March 2, 2013 by vlittle528
Life is characterized in so many different ways. I often hear “crazy”, or “hectic” or “ironic. I prefer to think of the wondrous thing we call life as filled with faith and purpose, and interconnected in a way we can’t see. Which, to me, is weirdly at odds with my anxiety.
Lately, a lot of people around me have been given the earth-shattering news that they have cancer. My husband, mr. nothing-bothers-me himself, even told me that maybe I should drop out of a certain group of friends because it seemed to be “catching’. He was joking (I think at least), and he knows there is no way I would ever do that. He understands that the group is special, but he doesn’t understand this group like I do. He doesn’t know that sometimes they are what gets me through the day…whether they know it or not. Sometimes when I think the world is a hateful place, I go and simply read their conversations and realize how great people can be. He doesn’t know that every time I am at Sushi Katsu I think of the awesome night that one of these ladies gave me courage and hope, or the time that we were camping and more than one helped my children and treated them as their own, or how one can simply just breathe and I think she is a Saint.
For my friends in their difficulties, it is almost a selfish feeling I have. I feel overwhelmed and helpless, so I do the little things I can to help them, with just the hopes it makes them smile. But in the back of my mind is a nagging voice. Well, two voices. The voice of self-doubt says “they don’t give a flying monkey’s uncle what you do!!” and “This is stupid and NOT what they need right now” and even “they will never remember this…nor will they remember you”. Ahhh, the painful scars that our teen years leave. And another voice of “When is it going to be you?” and “when it is you…have you loved and cared enough so that others love and care enough for you to put forth the effort?” I don’t think so…because I really don’t let other women (other than a VERY select few) know me. Because if I am not sure what I like about me, they certainly can’t be either, right?

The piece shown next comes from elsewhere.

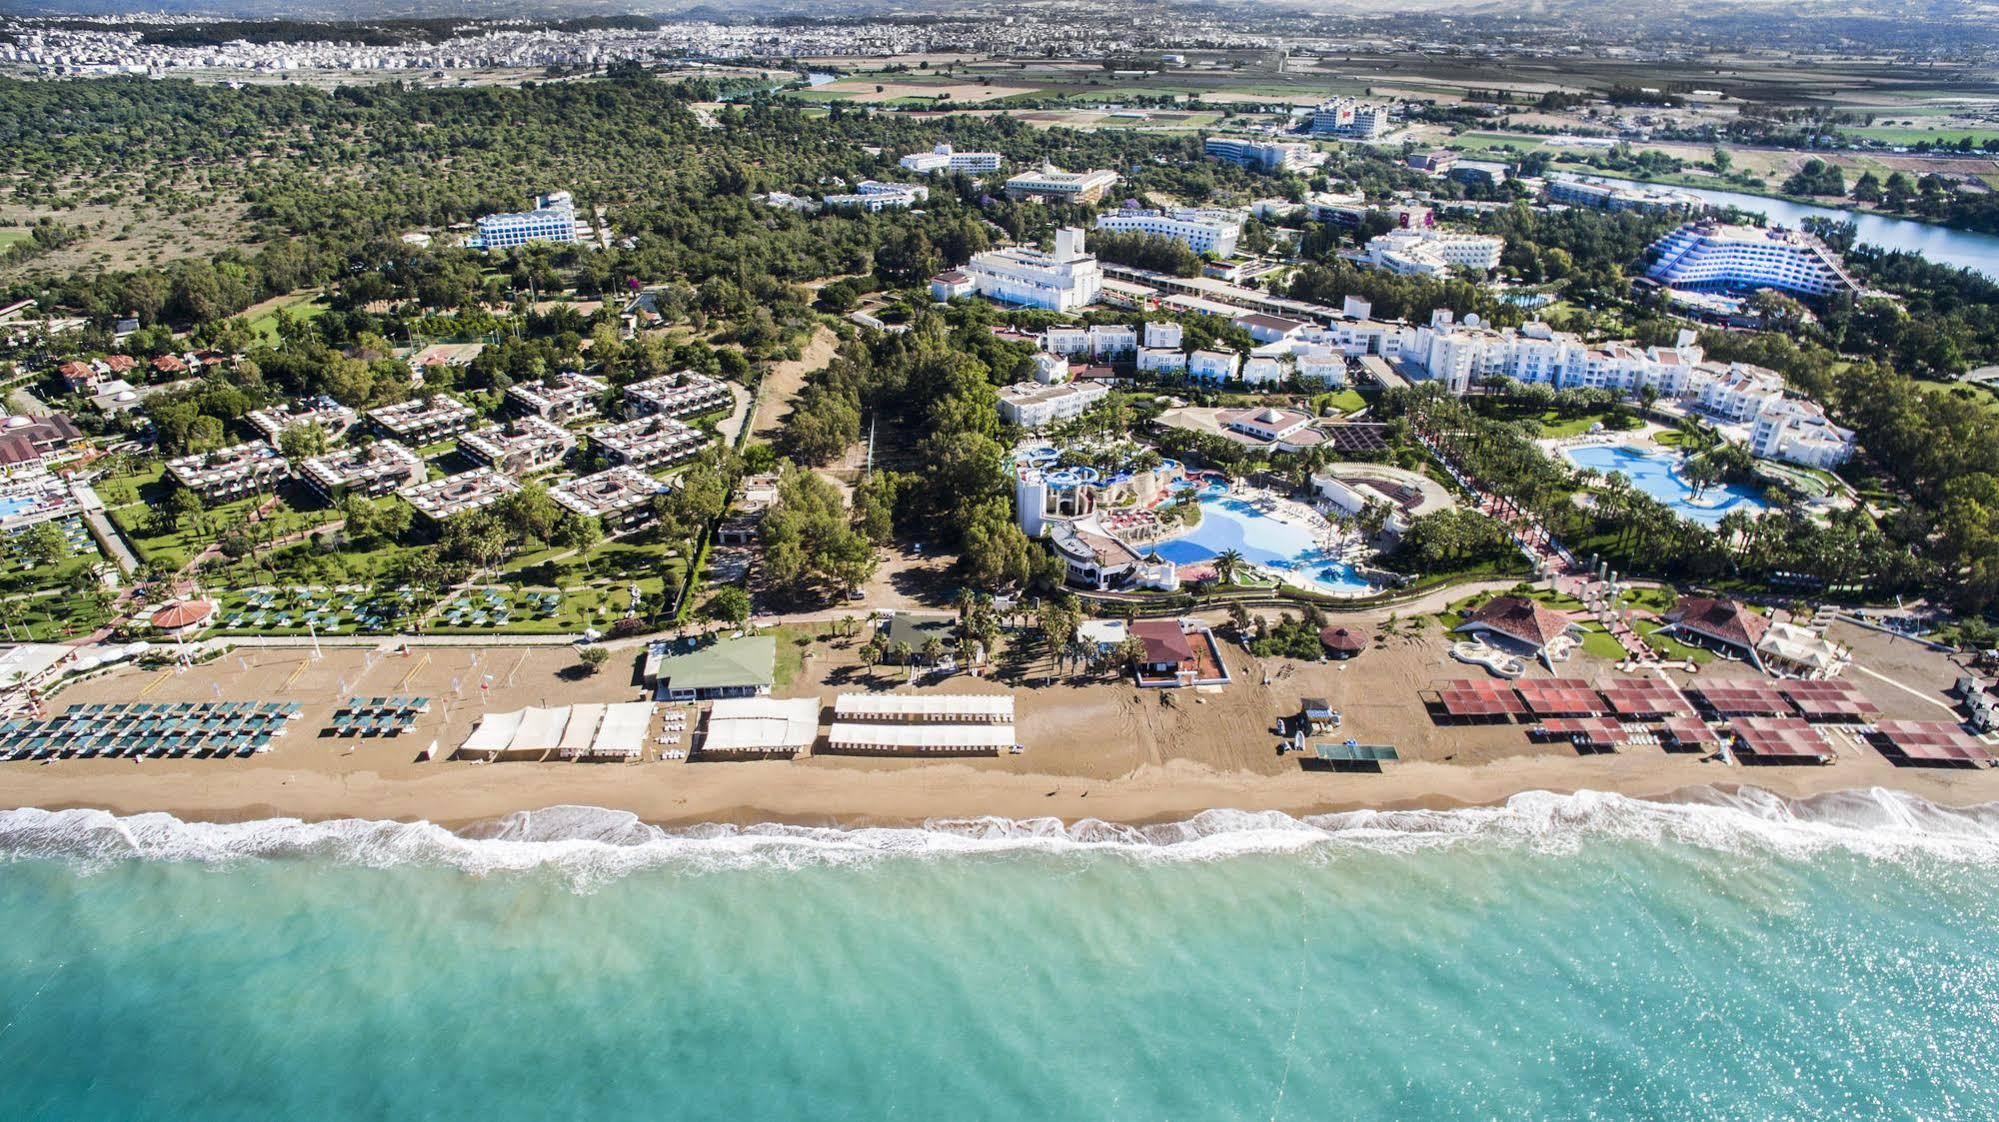 Side Ally Hotel - Her Şey Dahil (Side Ally Hotel - All Inclusive)

I can hear at least three friends in my head berating me and telling me they would be there. And I truly do want to believe that. But how do you when no one else really ever has been? Well, to give credit where it is due, my BF has been around quite awhile now….but then again, my dad was around for 16 years before I wasn’t good enough anymore. That pain and those automatic thoughts just don’t go away.
And then I feel guilty for even having these thoughts. And the fear of “what if” because I have had a sore throat for a month make me feel like a hypochondriac. These strong women are facing REAL issues! REAL problems! My life, my issues are nothing compared to the mountains they are climbing! Heck, I still can’t get over that one girl not only went through a surgery for cancer, but then actually hurt herself that morning, and still managed to come to a meeting that night to tell us she needed to slow down next year?!???. I would have been laying in my bed with my covers pulled over my head depressed and alone and feeling guilty I wasn’t playing with my kids. But not these women. These women are strong. They are fighters. They are mother’s and sisters and friends. They are wives and damn it, they are women.
We can do what we want with our world. We can take the friends we meet (NOT a small task for me as every time I do I go home ridden with anxiety and about in a panic-attack. Something you would never know if I didn’t tell you) and we can turn them into small families and forces around us or we can choose to be catty and competitive.
Though it is hard for me, I prefer to try to make these friends family. I have no reason to compete with people, and it doesn’t make me feel good to do so. Some of these women are role models for me now. A certain mom with two high-school boys is my own superhero. And I will forever do what I can for her because she is forever doing things for other people, and goes through her days with a heart of gold and a witty sense of humor. I don’t know one of the ladies with cancer at all, never met her. But I do know she is a strong and courageous single mom that deserves help-her children deserve help. And I want someone to fight for my children when I am down and out. For all she has given, she deserves a helping hand. And for my other friend. Someone who was just “another mom” to me until recently. Her heart, caring spirit, and infectious smile got to me from the moment I met her. I am not comfortable with ANYONE when I first meet them. But with her I didn’t feel as if I was being judged. She just accepted me as being “that other crazy mom trying to butt in when her kid-has-been-in-Kindergarten-a- freaking-week- mom”. And I never knew how she could affect ME until I walked into her house with dinner one night and the simple sight of her scar almost brought me to my knees.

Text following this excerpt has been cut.